> **WORK REQUIRED**
Restate the full listing word for word; images stay out of it.

> **INFORMATION PROVIDED**
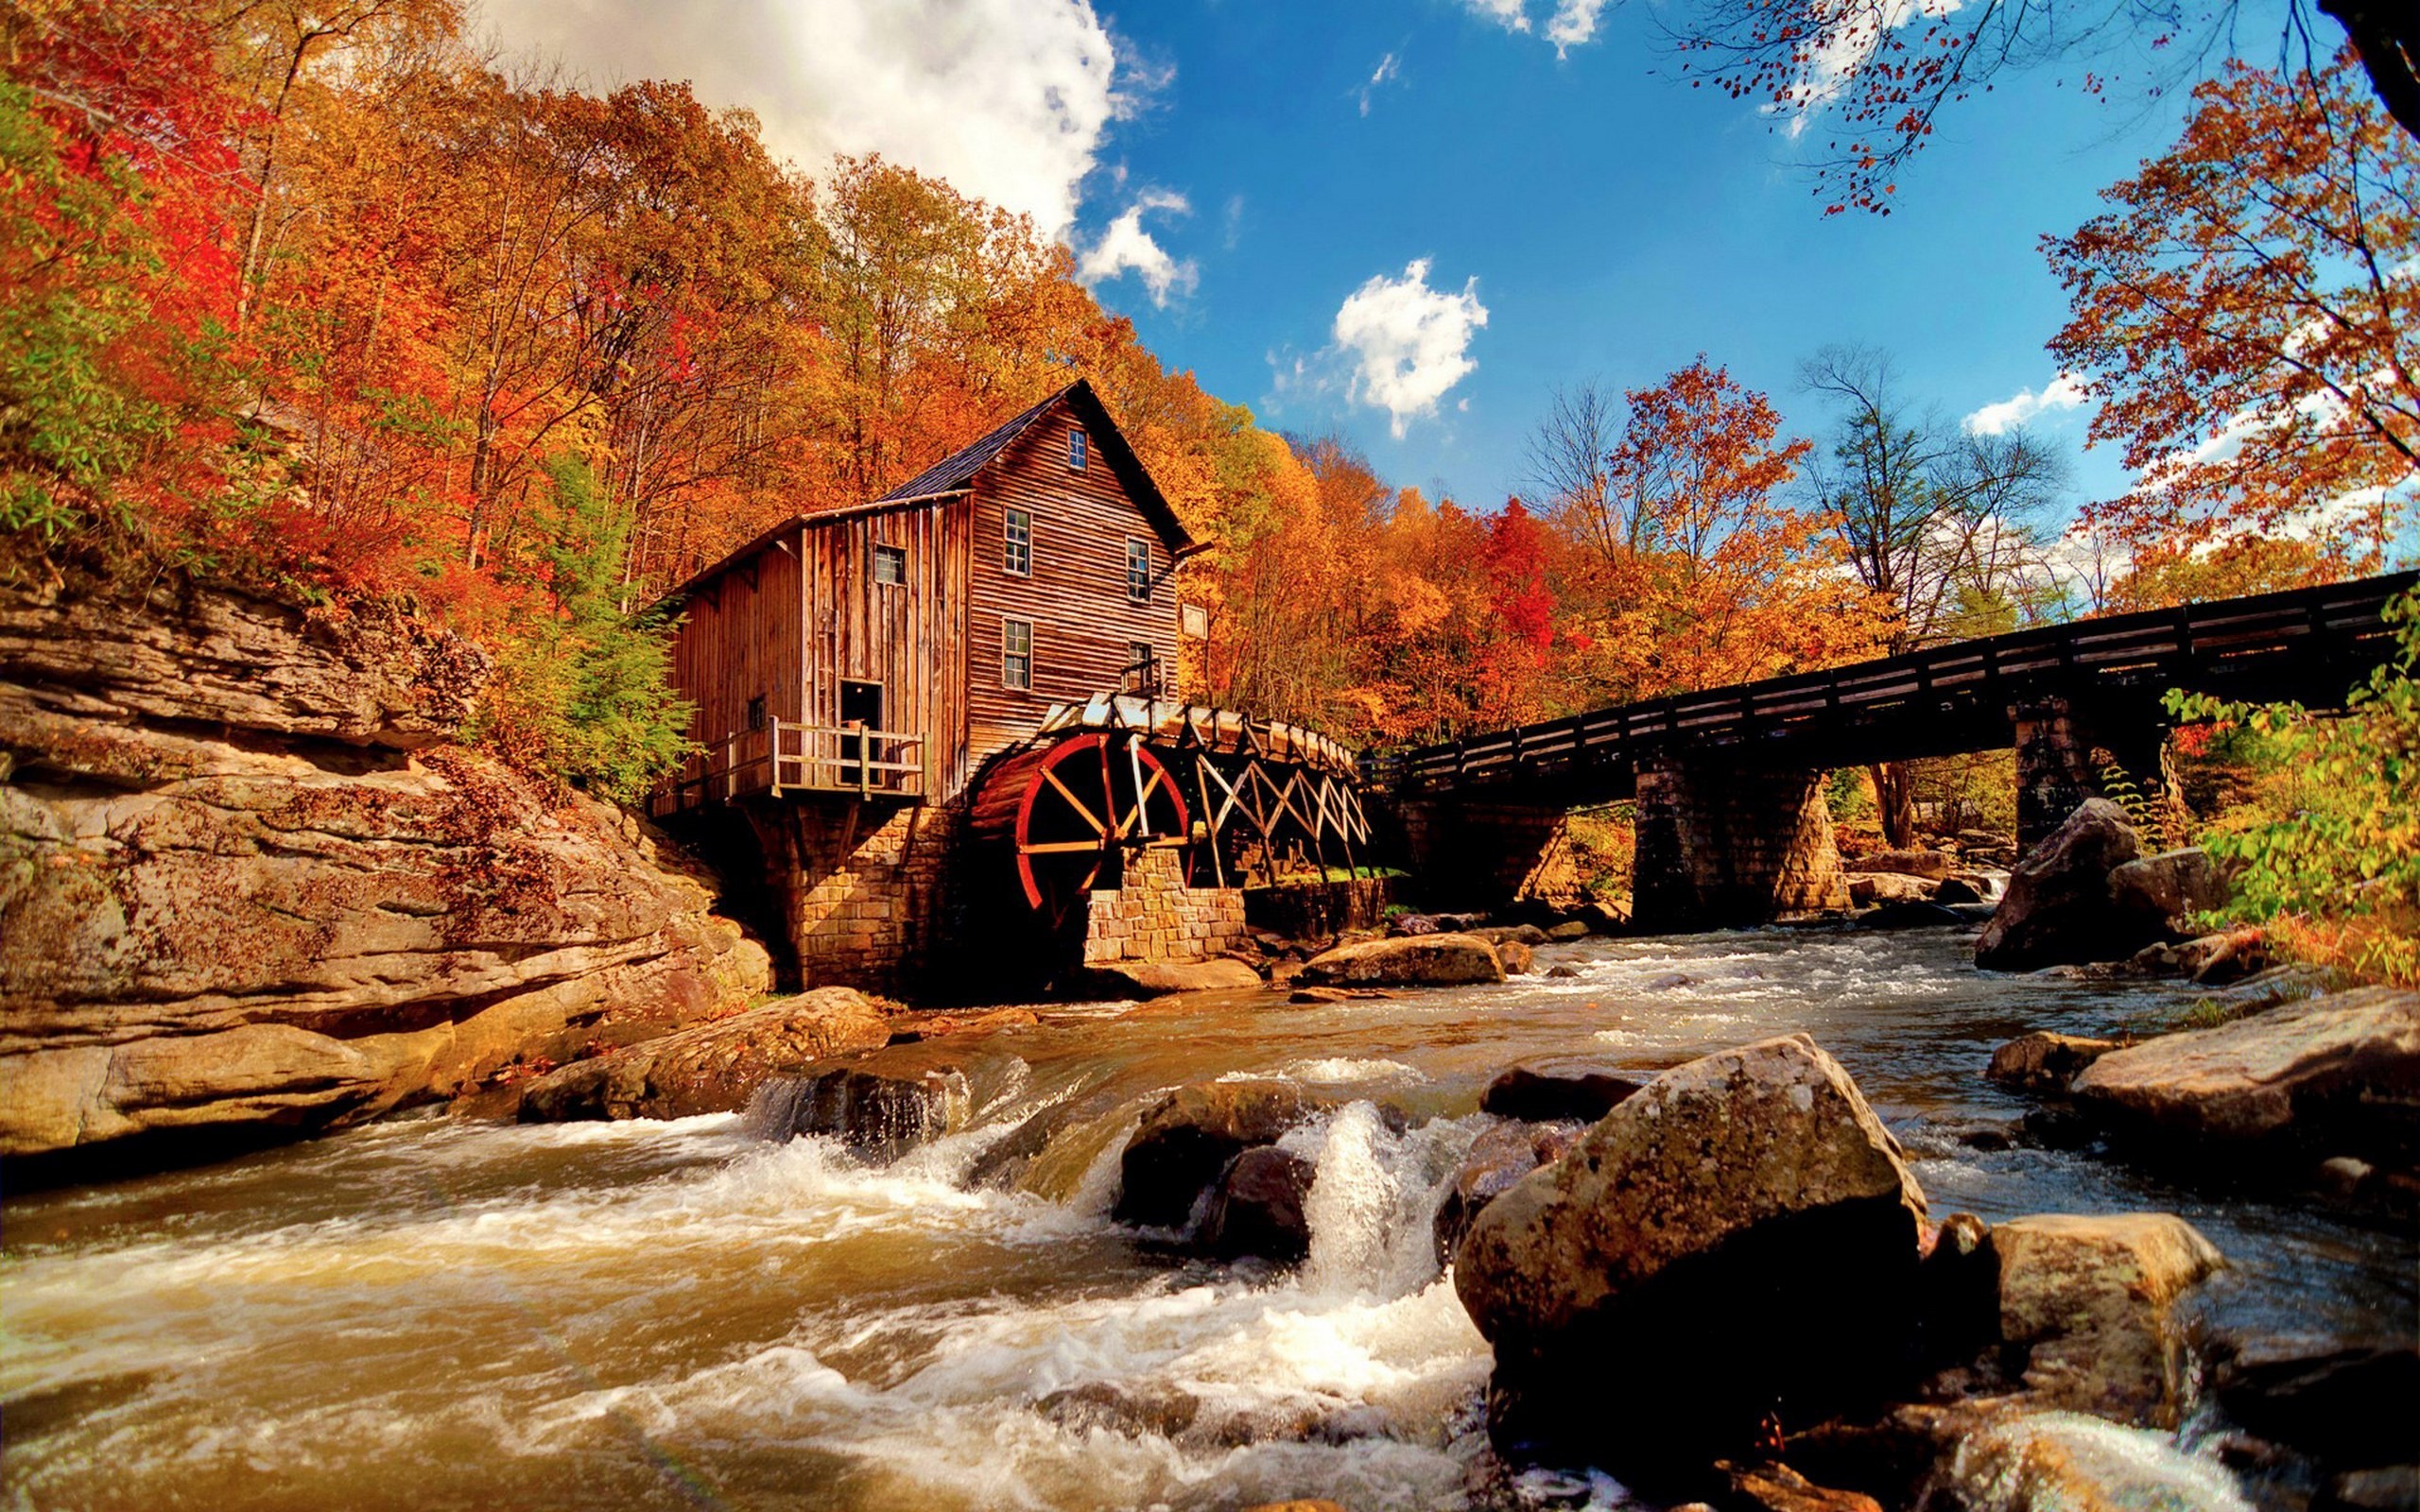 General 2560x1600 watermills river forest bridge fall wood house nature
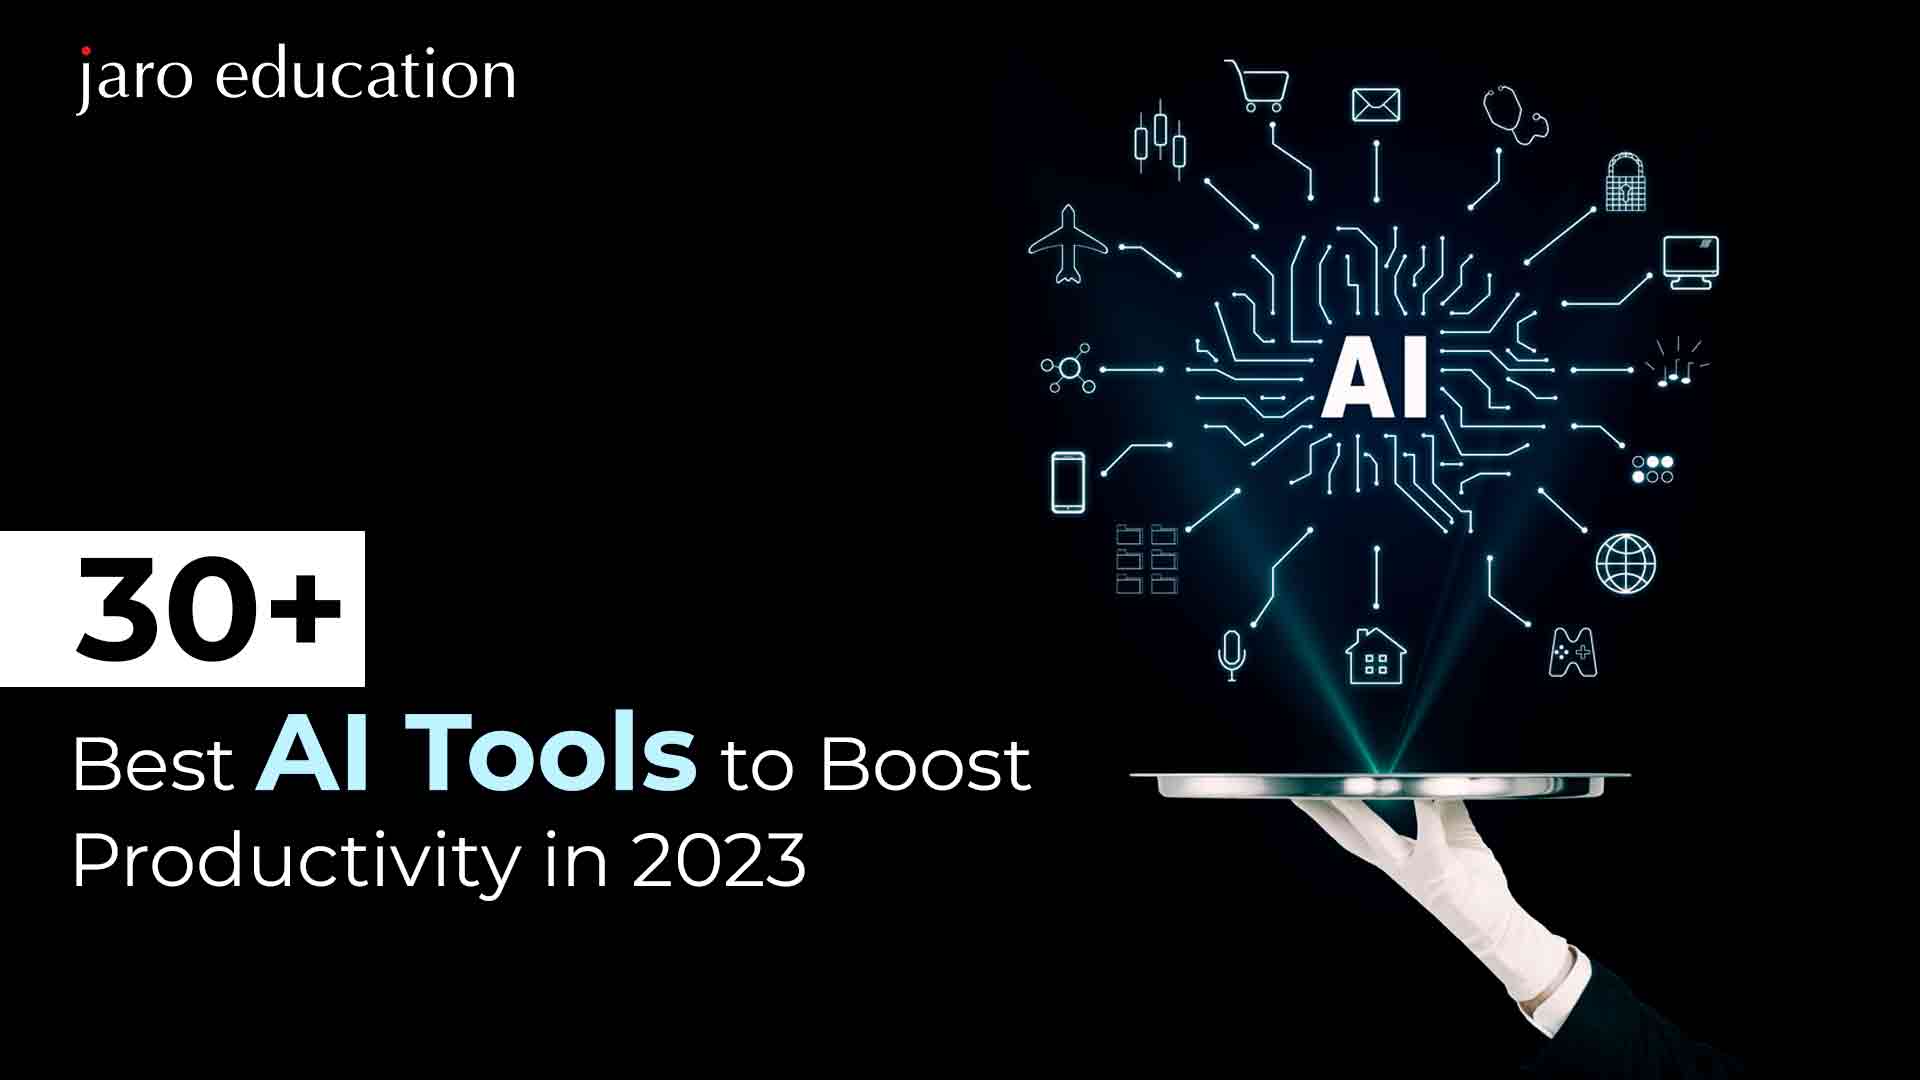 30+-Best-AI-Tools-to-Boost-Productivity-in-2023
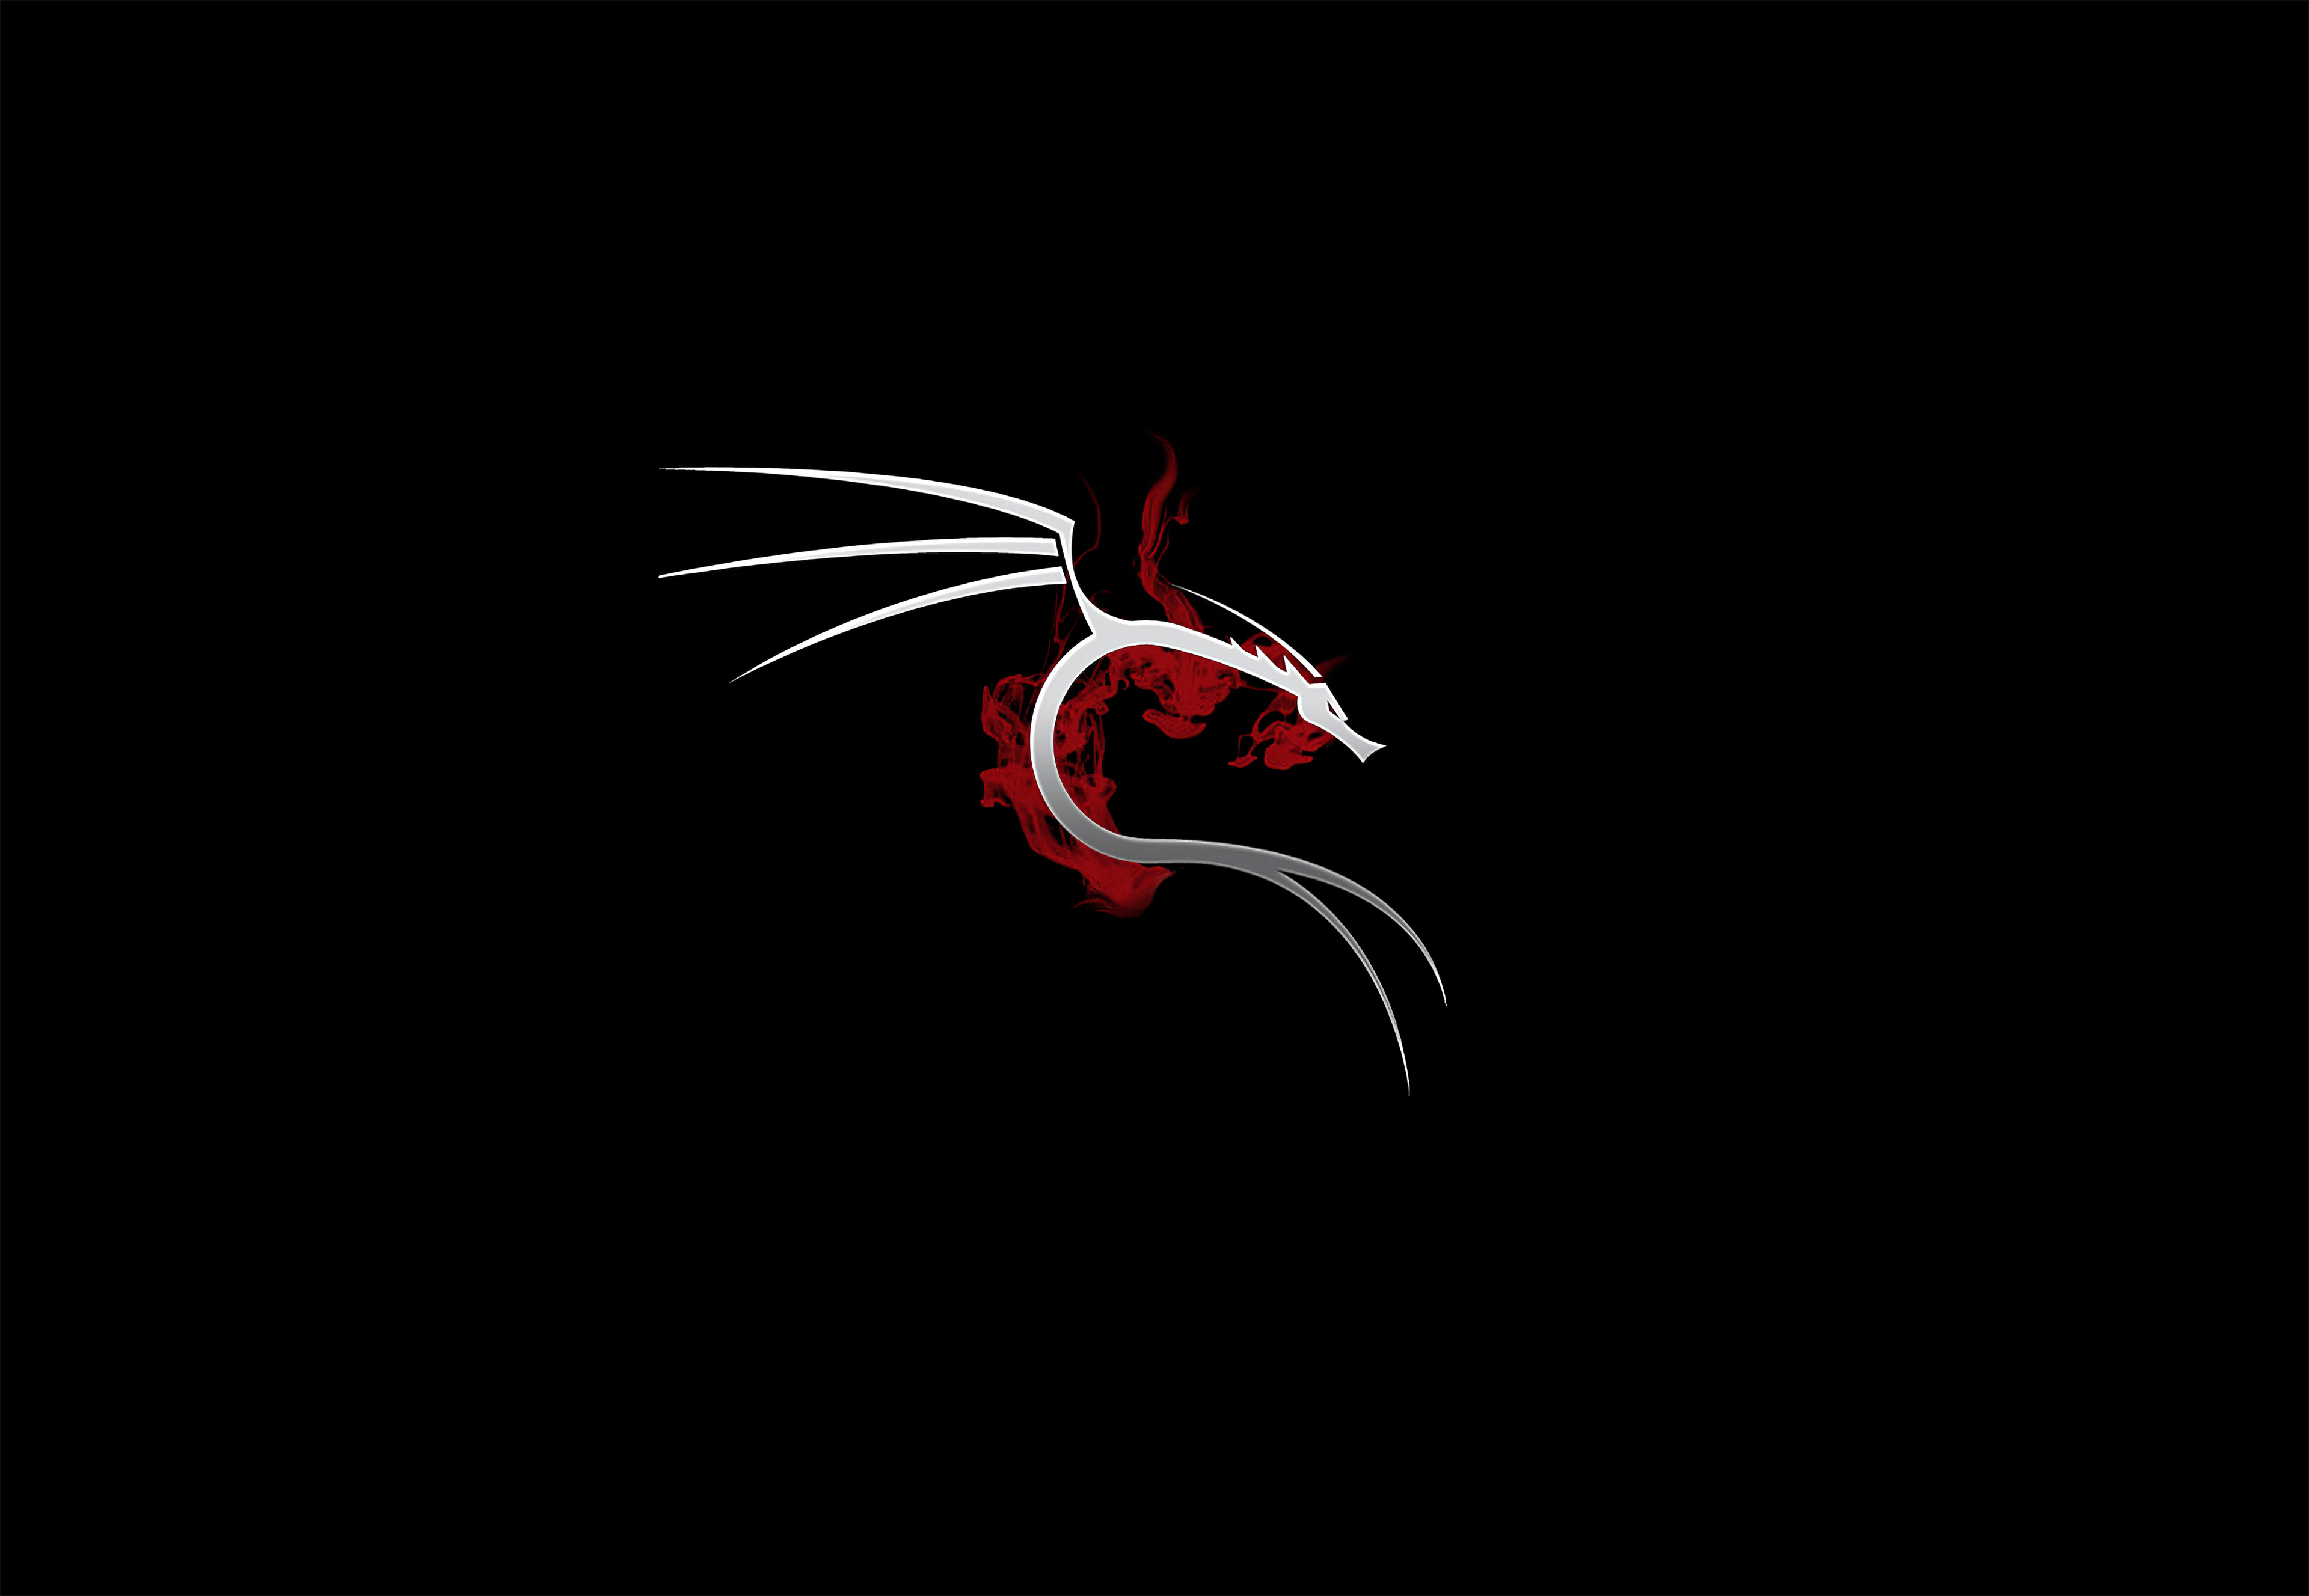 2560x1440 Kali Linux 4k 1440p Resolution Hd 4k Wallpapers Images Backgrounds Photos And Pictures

> **OUTPUT FOR THIS EXERCISE**
 General 2560x1600 watermills river forest bridge fall wood house nature
 30+-Best-AI-Tools-to-Boost-Productivity-in-2023
 2560x1440 Kali Linux 4k 1440p Resolution Hd 4k Wallpapers Images Backgrounds Photos And Pictures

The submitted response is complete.